Before the U.S. military tried to hide nuclear missiles under the Greenland Ice Sheet during the Cold War, they asked scientists to determine the stability of the ice that would shelter the warheads. From the secret nuclear-powered Project Iceworm base, a maze of ice tunnels and caves spanning nearly two miles, they drilled down more than 4,000 feet to the ground, retrieving the world’s first deep ice core sample from a polar ice sheet in 1966. Today, those once-forgotten ice cores are advancing the understanding of a different, but no less global threat than nuclear war—climate change.
Since that first boring of the ice sheet, scientists have retrieved hundreds more ice cores to reconstruct an accurate record of the Earth’s climate for the past few million years. The layers of ice and frozen gas bubbles show the composition of the atmosphere when the ice formed, how much it snowed and how warm or cold it was.
But the tools to make such a detailed analysis didn’t exist when that first core came to the surface, and climate change wasn’t yet a concern for polar scientists. The goal was to expand the tunnel network, potentially to thousands of miles, and to hide medium-range nuclear missiles that could quickly strike the Soviet Union.

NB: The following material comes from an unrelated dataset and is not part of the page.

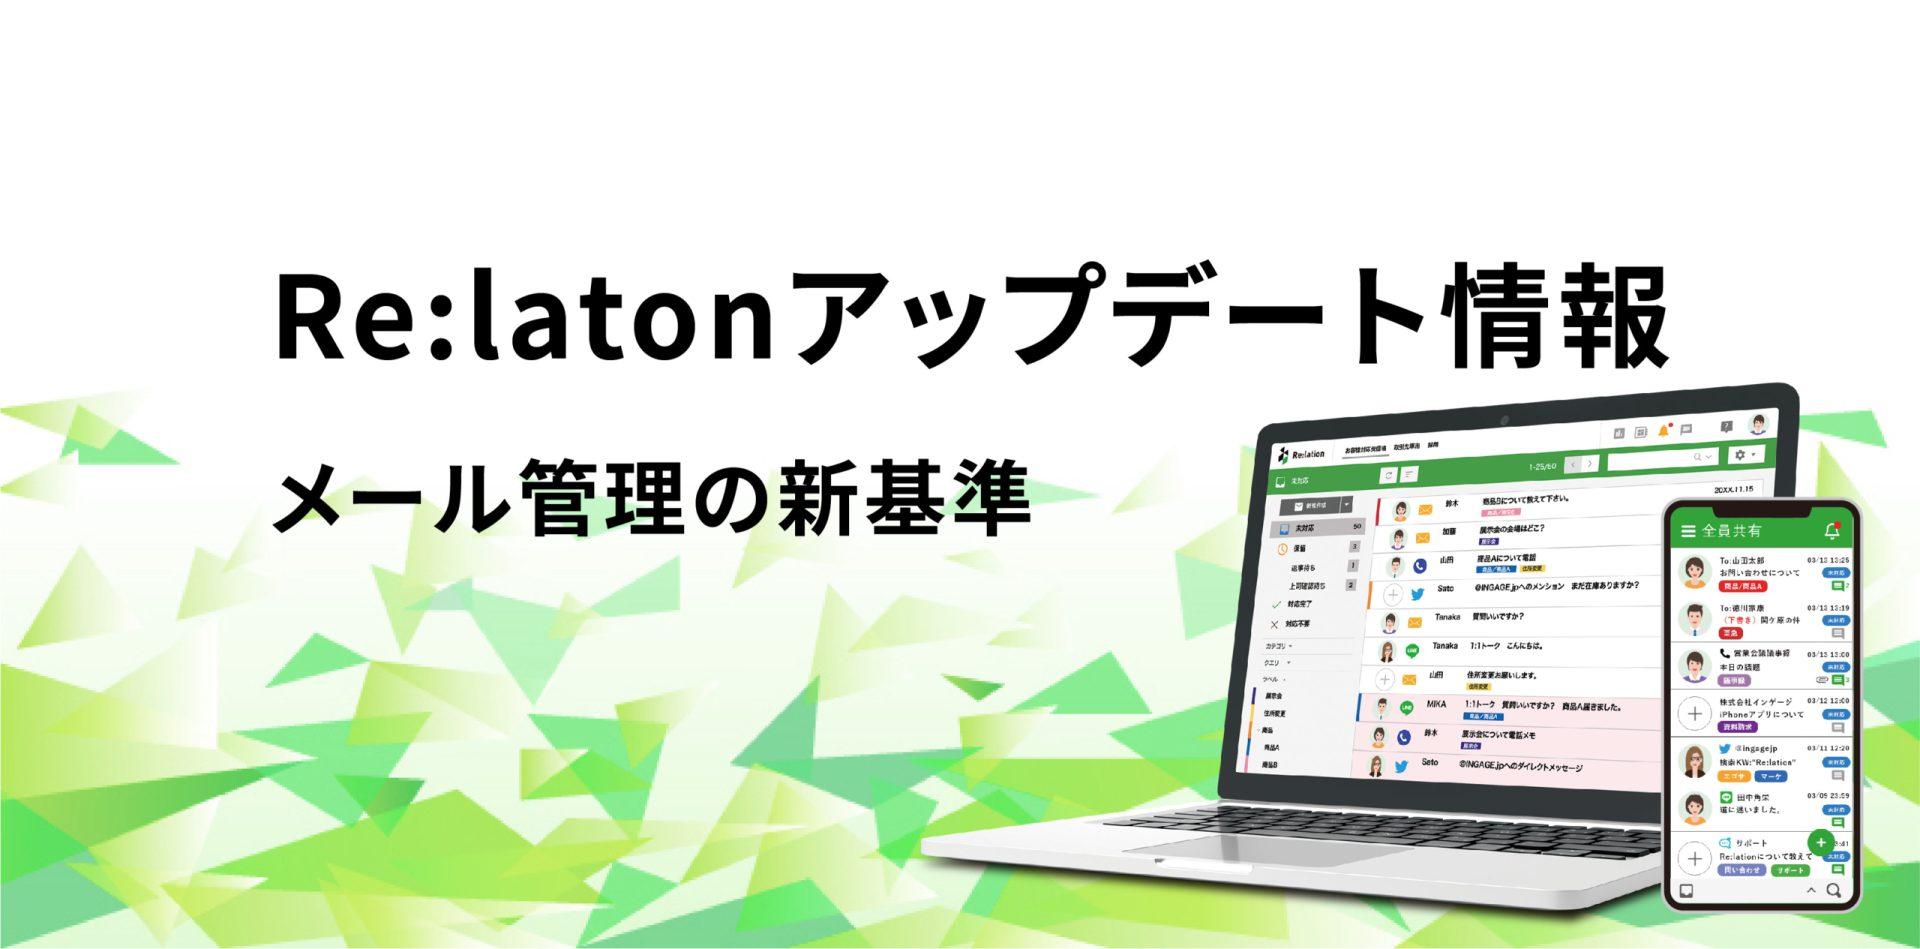 テレワーク時代のメール管理「Re:lation(リレーション)」06.11アップデート

The missile plan was shelved and the base on and below the ice—known as Camp Century—was abandoned. The samples, first stored in freezers in Buffalo, then in Copenhagen, were mostly forgotten. But recently, American and Danish scientists rediscovered them when they were moving between labs. They said they were stunned to find bits and pieces of plants in the gravel layers sampled from the bottom of 4,000 feet of ice.
The twigs and foliage came from moss and shrubs that grew in tundra similar to that found in parts of Siberia and Alaska today. Finding the vegetation at the bottom of the core showed that the ice sheet, with enough frozen water to raise sea level by 20 feet, melted away completely at least once about 1 million years ago, during a climate shift similar to the pulse of warming caused by human greenhouse gas emissions now. The findings were published Monday in the Proceedings of the National Academy of Sciences.
“It’s one of the things that can help tell the story of how much warming you need before the ice sheet disappears,” said co-author Dorthe Dahl-Jensen, an ice physics researcher at the University of Manitoba and the University of Copenhagen.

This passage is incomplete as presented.